Loosen rusted screws - how does that work?

When a screw is stuck due to rust, the despair is often as great as the number of well-intentioned advices. What actually works, and what you should always pay attention to first when rusted or rusted screws, you can read here.

Corrosion degree of screws

A screw can either be rusted or rusted. That's a big difference.

Heavily corroded screws - those that are heavily rusted - are usually also very fragile and brittle. With brute force nothing is normally achieved here. When the screw tears off, in many cases the problem is only bigger.

Hard-rusted screws, however, have rusted in the thread. Both the thread and the screw are attacked here. The rust inside the screw connection prevents the screw from moving.

Both cases must always be clearly distinguished from each other, since they require a fundamentally different approach. So first, look at where the screw is attached: in a metal thread or in a plastic part? Since plastic does not rust, it can not be rusted there. It helps a lot to know that.

The following options:

  • rusty
  • rusted
  • rusted and rusted

Solution by mechanical means

For larger screws that are rusted, you can try to turn the screw with a water pump pliers or other suitable pliers with as long a handle as possible (leverage) to turn the screw.

Insert the screwdriver into the screw cross and hit the handle of the screwdriver several times with the hammer.
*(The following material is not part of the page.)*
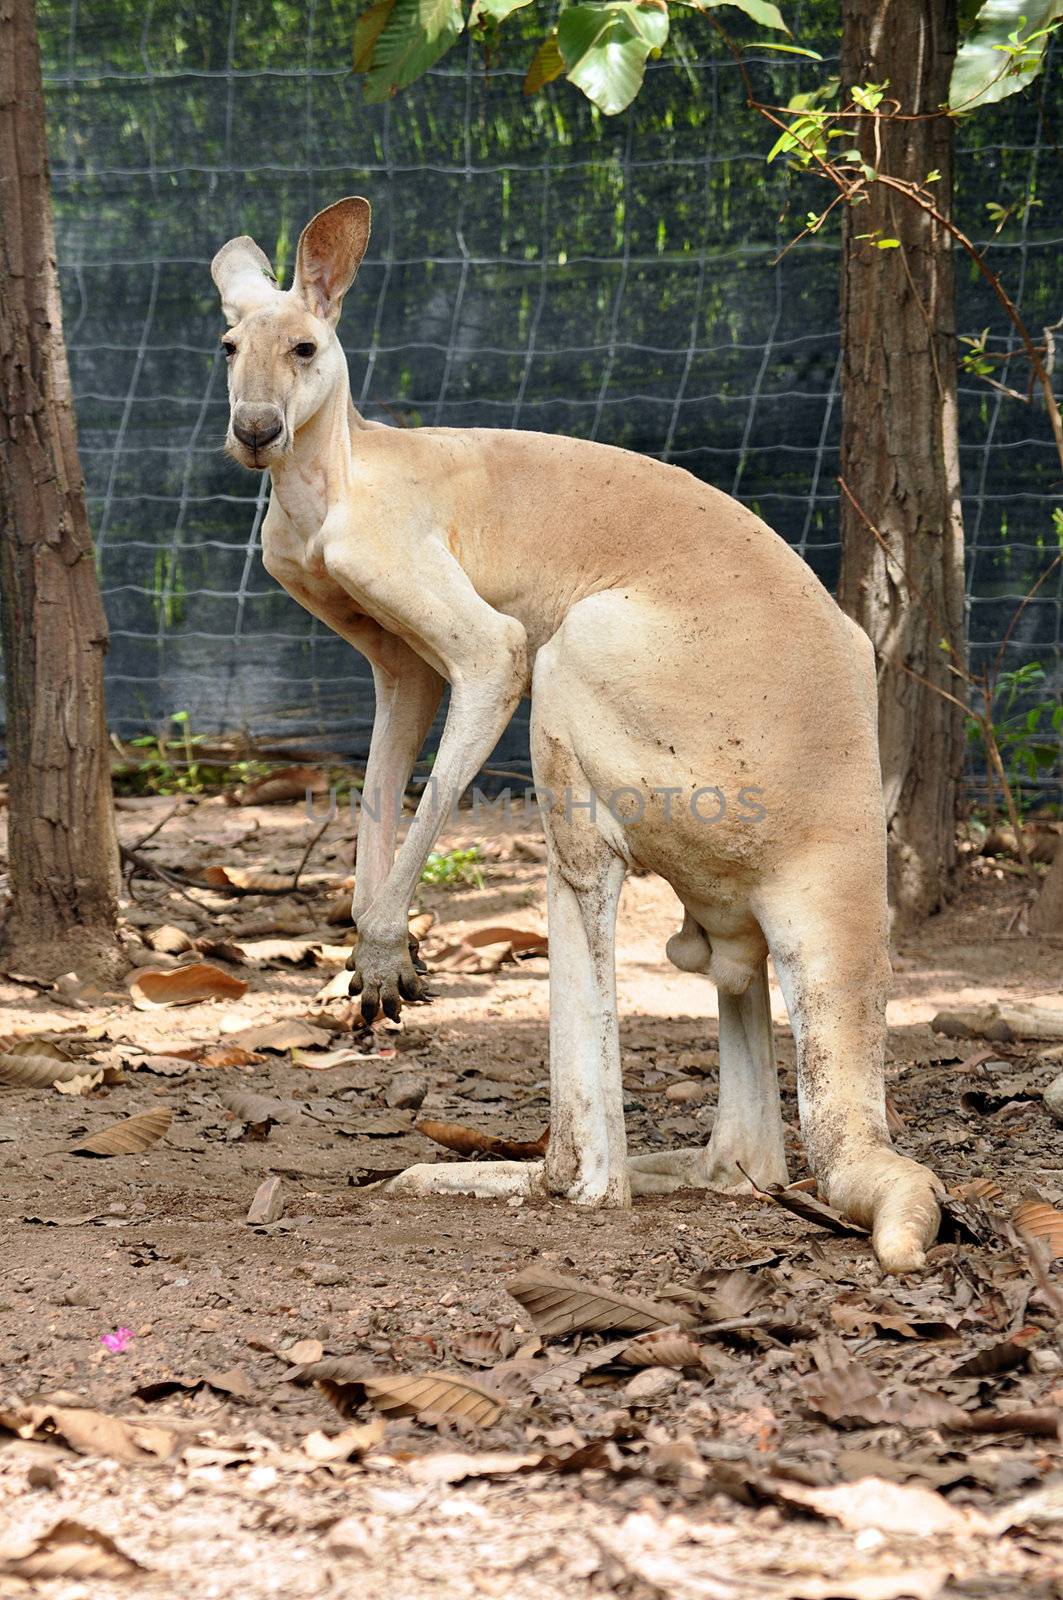  kangaroo by MaZiKab

Sometimes the thread can be solved this way.

Before you drill the screw, you should first try a chemical solution again. All this, as I said, for rusted screws.

With rusty screws, which can no longer be moved due to their brittleness, it can often help to mill a slot carefully across the head of the screw with a multi-sander, if it is a Phillips screw.

This allows you to use a larger flat-head screwdriver, reducing the pressure on the head of the screw, and possibly loosening the corroded screw without breaking it.

Chemical methods

Any means that eliminates, converts or conserves rust can in this case be used to re-mobilize rusted screws.

It has proven useful to spray with WD 40, possibly also behind the screw head, so that the WD 40 can seep into the thread. Allow to act overnight.

But you can also use creeping oil, kerosene or cola.

Tips & Tricks

As a last resort, you can drill the screw. Just carefully drill a hole in the center of the screw until it rotates or breaks. The remaining pin can then be easily removed with the pliers.